С других ветвей стали срываться точно такие молнии, каждая ударяла в пролетающую каплю, и ни одна из них не погибла...
Штурман умолк.
- А потом? - спросил врач.
- А потом я потерял сознание, - сказал Валентин. - И очнулся только благодаря вам. И ему, - показал он на реаниматор.
- Ты пока успокойся, голуба душа, - сказал Дмитрий Анатольевич. - В твоем положении волноваться крайне вредно. А воображение у тебя живое. Тот случай, когда поэт сказал: "Как часто силой мысли в краткий час я жил века, и жизнию иной, и о земле позабывал..."
Штурман оживился:
- Кто это?
- Угадай! - сказал Дмитрий Анатольевич, обрадованный возможности как-то отвлечь Валентина.
- Сейчас попробую, - сосредоточился штурман. - Сначала нужно определить эпоху, в которую были написаны стихи. Хотя бы приблизительно. Ну, это несложно. "...И о земле позабывал..." - повторил он задумчиво.
- Ну, ну! - подзадорил врач.
- Речь идет о том, что автор мог позабыть землю, взятую в целом, как планету. Значит, стихи написаны уже в космическую эру, после полета Юрия Гагарина. Верно?
- Сначала тебя дослушаю.
- А, знаю. Это Либун написал!
- Либун? - Врач чуть не подпрыгнул от неожиданности.
- Вы что, кока нашего не знаете?
- А разве он пишет стихи?
- Откуда мне знать? - слукавил Валентин и пожал плечами. - Это только предположение.
- С тем же успехом ты бы мог предположить, что это сочинение Тобора, проворчал Дмитрий Анатольевич.
- Значит, я не угадал, - подытожил Валентин. - Пойдем дальше. Судя по лексике, это вторая половина XX века, так мне кажется. Кто же это? Орленко назвал несколько фамилий.
Врач развел руками.
- Промазал, голуба душа. Пальнул в белый свет, как в копеечку. Стихи написаны задолго до космической эры, до запуска первого искусственного спутника Земли.
- Они написаны...
- В первой половине XIX столетия. И стыдно тебе, голуба, не знать их. Автор - великий русский поэт Михаил Лермонтов.
- Не может быть!
- Почему?
- Потому что у автора чисто космическое мышление, - пояснил Валентин.
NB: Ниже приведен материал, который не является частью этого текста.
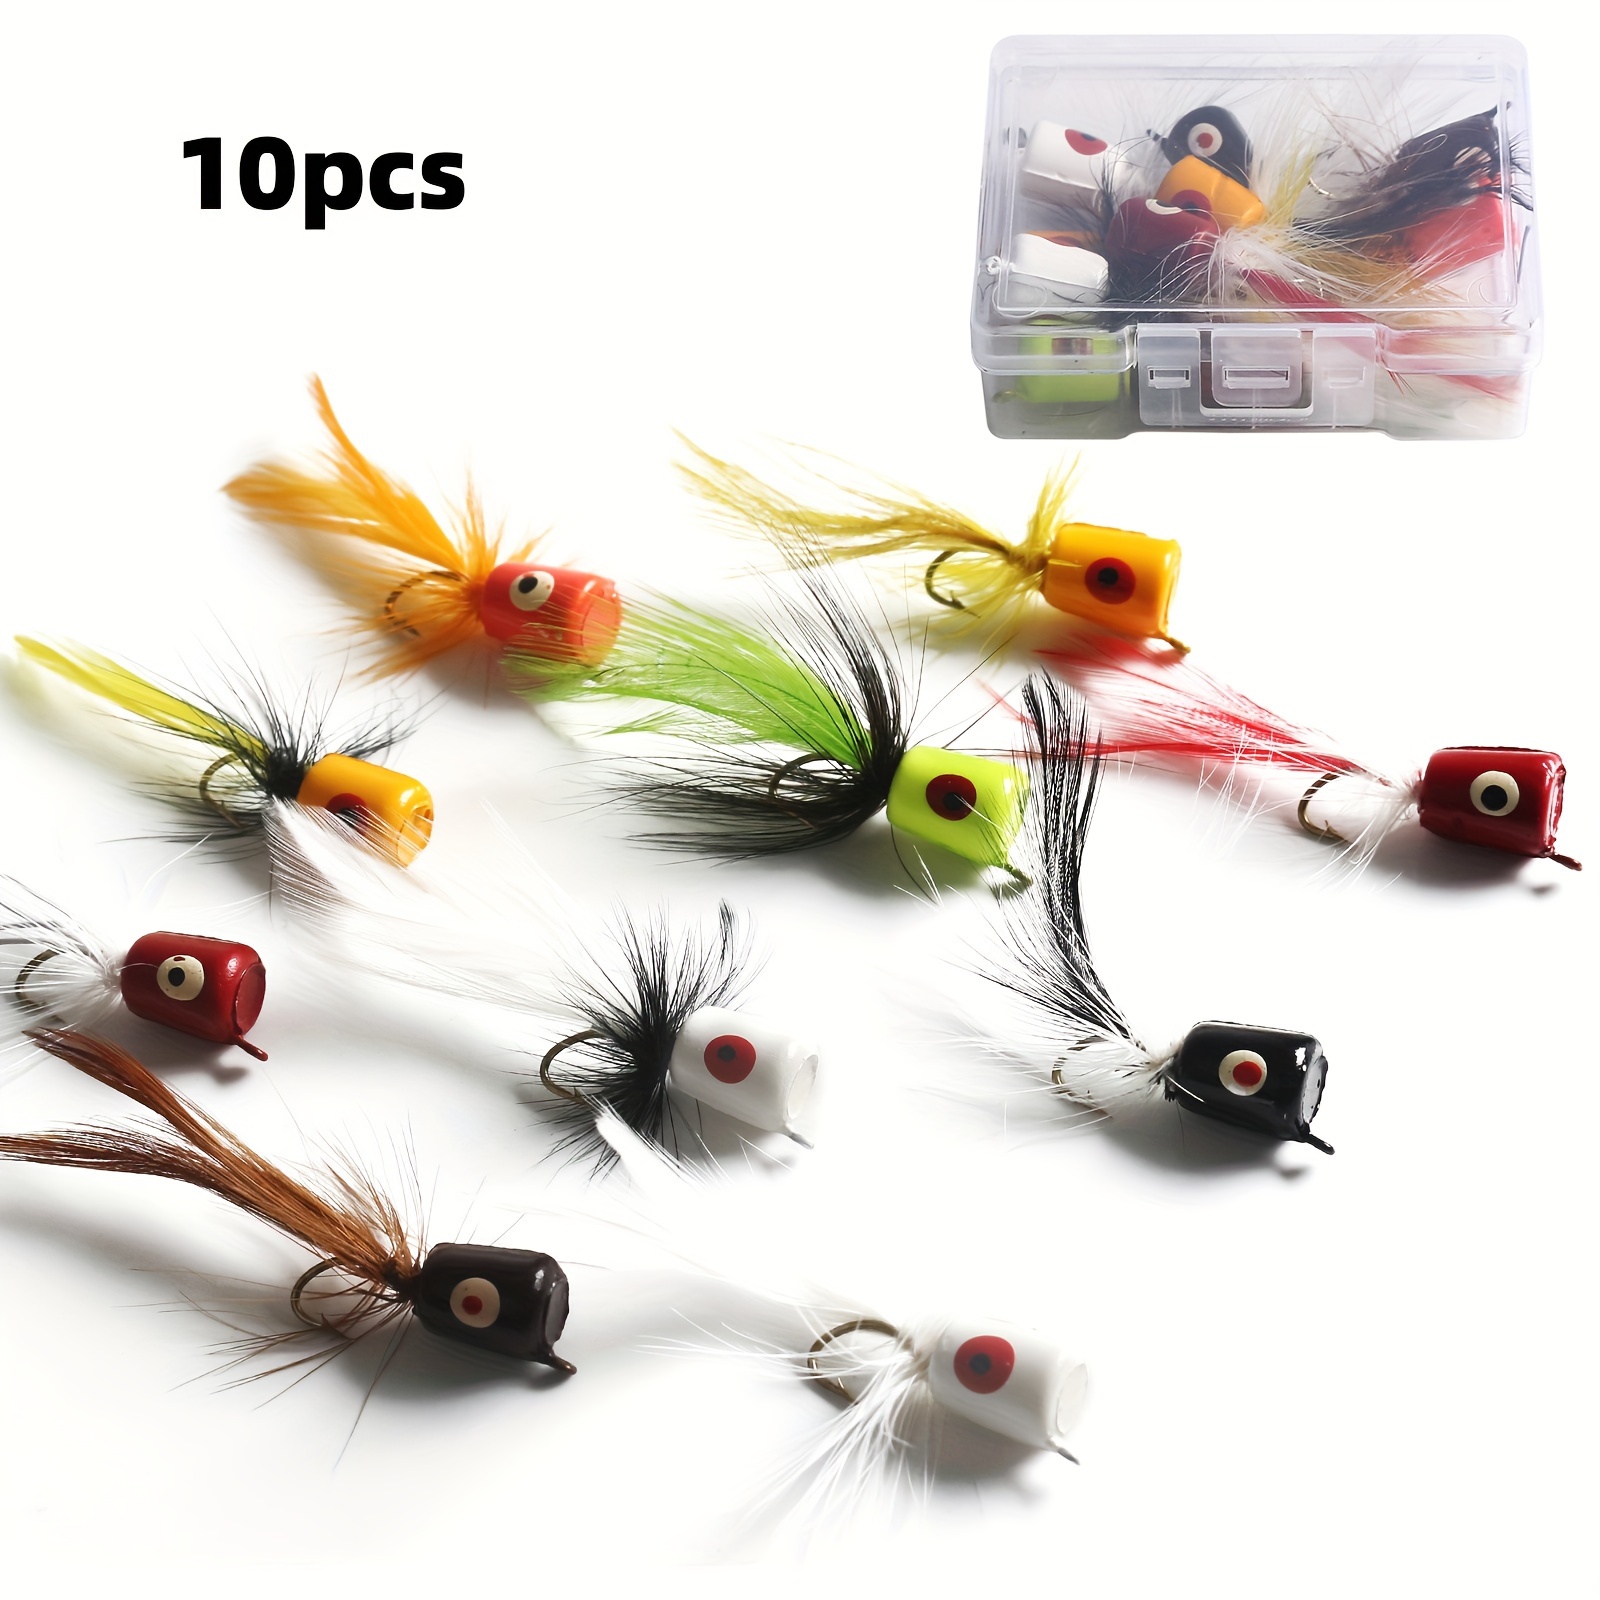 

10pcs/box Fishing Popper Fly Lure, Fly Hook, Bionic Flies For Bass Bluefish Trout

- И тем не менее это так... Ну, что, голуба, в медотсек поедем?
Штурман молитвенно сложил руки.
- Дмитрий Анатольевич, давайте, я здесь останусь. У вас ведь и так, наверно, нет ни одного свободного местечка.
- Гм... ладно. Только обещай: чуть почувствуешь себя хуже - вызывай врача по биосвязи.
- Обещаю.
Логвиненко отправился в медотсек, следом засеменил реаниматор.
СТЫЧКА
Когда фотонная ракета
Притормозит безумный бег,
И на ступень иного света,
Волнуясь, ступит человек,
Ему навстречу из тумана,
Минуя вены вешних вод,
Вдруг он походкою шамана
С улыбкой солнечной шагнет.
Из расколдованного круга
Нахлынут звонкие слова...
Но как же, как поймут друг друга
Те два различных существа?
Им будет нелегко, не скрою,
Осилить межпланетный мрак.
...Ведь даже мы с тобой порою
Друг друга не поймем никак!
С некоторых пор членов экипажа больше беспокоила даже не борьба с пластинками, а еще одна напасть, поселившаяся на "Каравелле".
День за днем то один, то другой член экипажа погружался в сон. Правда, Дмитрий Анатольевич считал, что это не сон, а какое-то каталептическое состояние, когда человек вроде и бодрствует, но не может и пальцем пошевелить.
Одни это состояние переносили легче, другие тяжелее. Но общим у всех пораженных было одно: однажды, настигнув кого-либо, "сон" уже не покидал свою жертву. И тут усилия Логвиненко и его самоотверженных коллег, денно и нощно трудившихся, оставались тщетными. Если с ожогами и ранами, которые наносили непрошеные гости "Каравеллы", они с помощью живительного сока трабо, небольшой запас которого оставался, еще кое-как могли бороться, то невесть откуда свалившийся на людей "сон" был вне их власти.